— Data below —
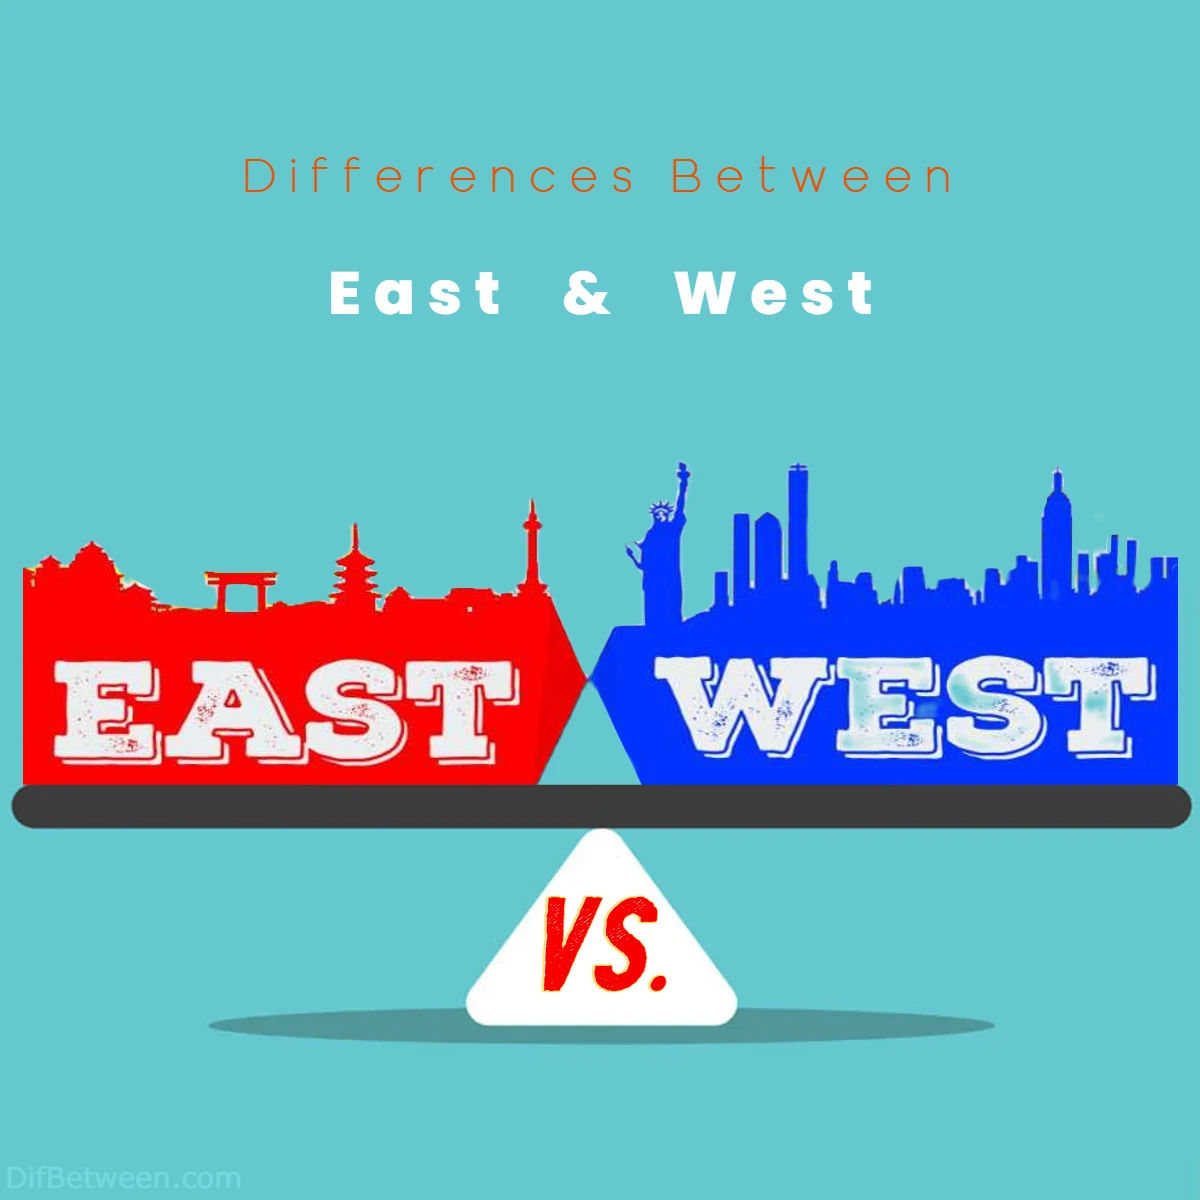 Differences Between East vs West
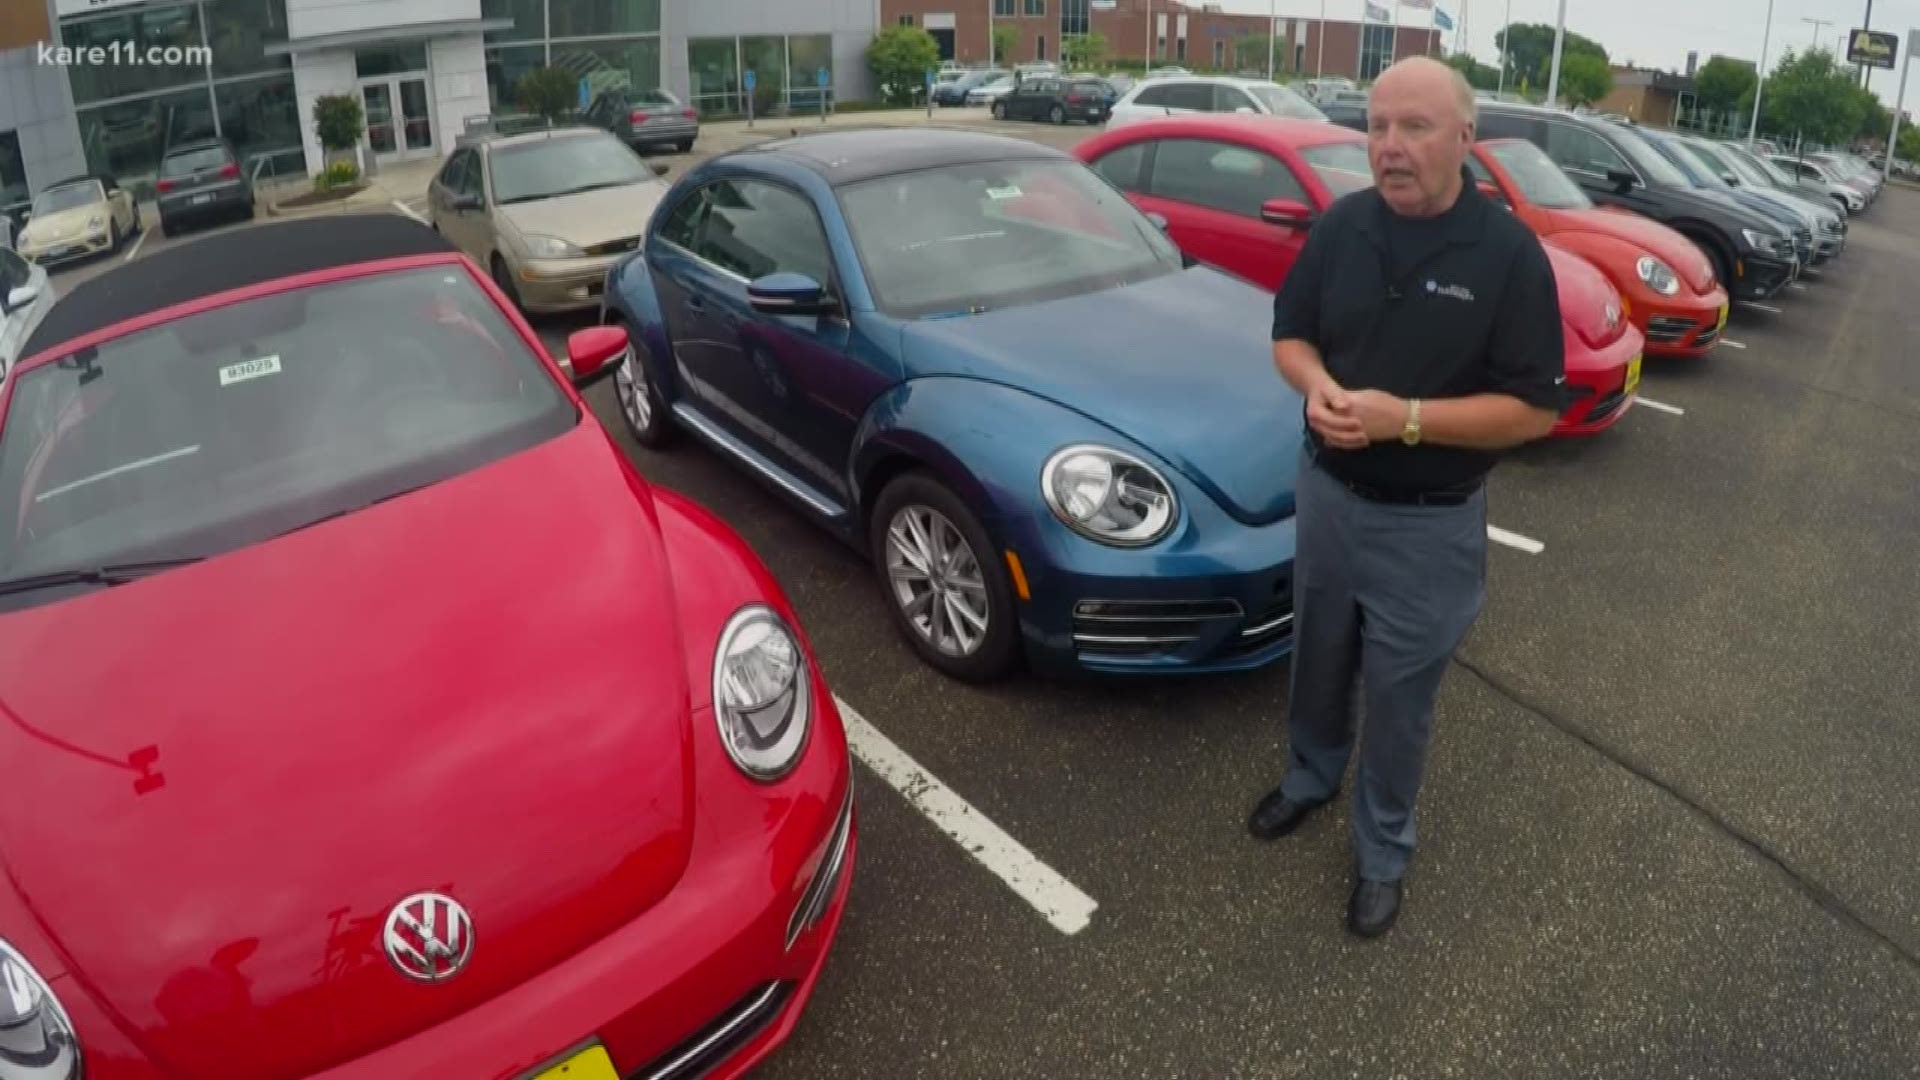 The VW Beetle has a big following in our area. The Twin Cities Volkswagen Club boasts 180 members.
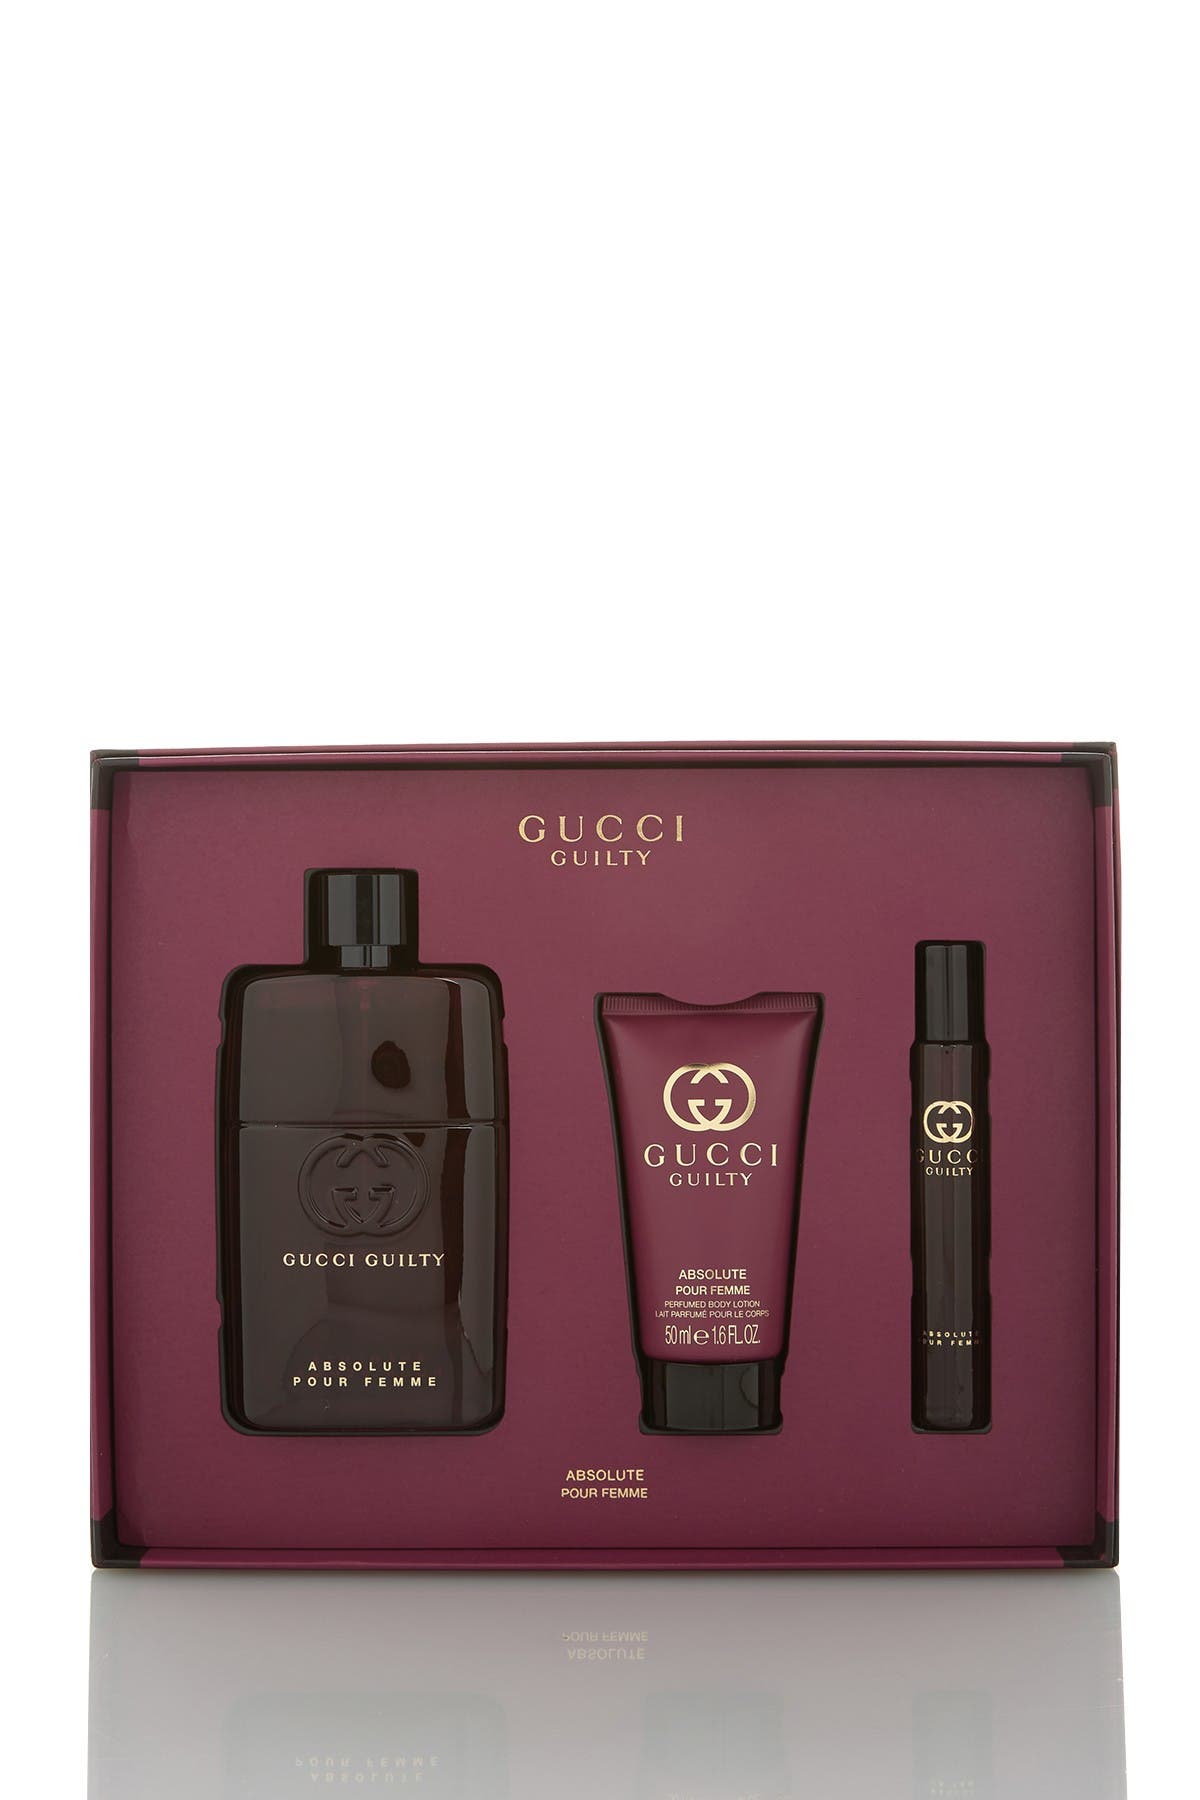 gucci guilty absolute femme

— Activity —
Print only the lines running from the line that contains "The VW Beetle" to the final line of the listing, both included. Omit every picture.

— Solution to the problem —
 The VW Beetle has a big following in our area. The Twin Cities Volkswagen Club boasts 180 members.
 gucci guilty absolute femme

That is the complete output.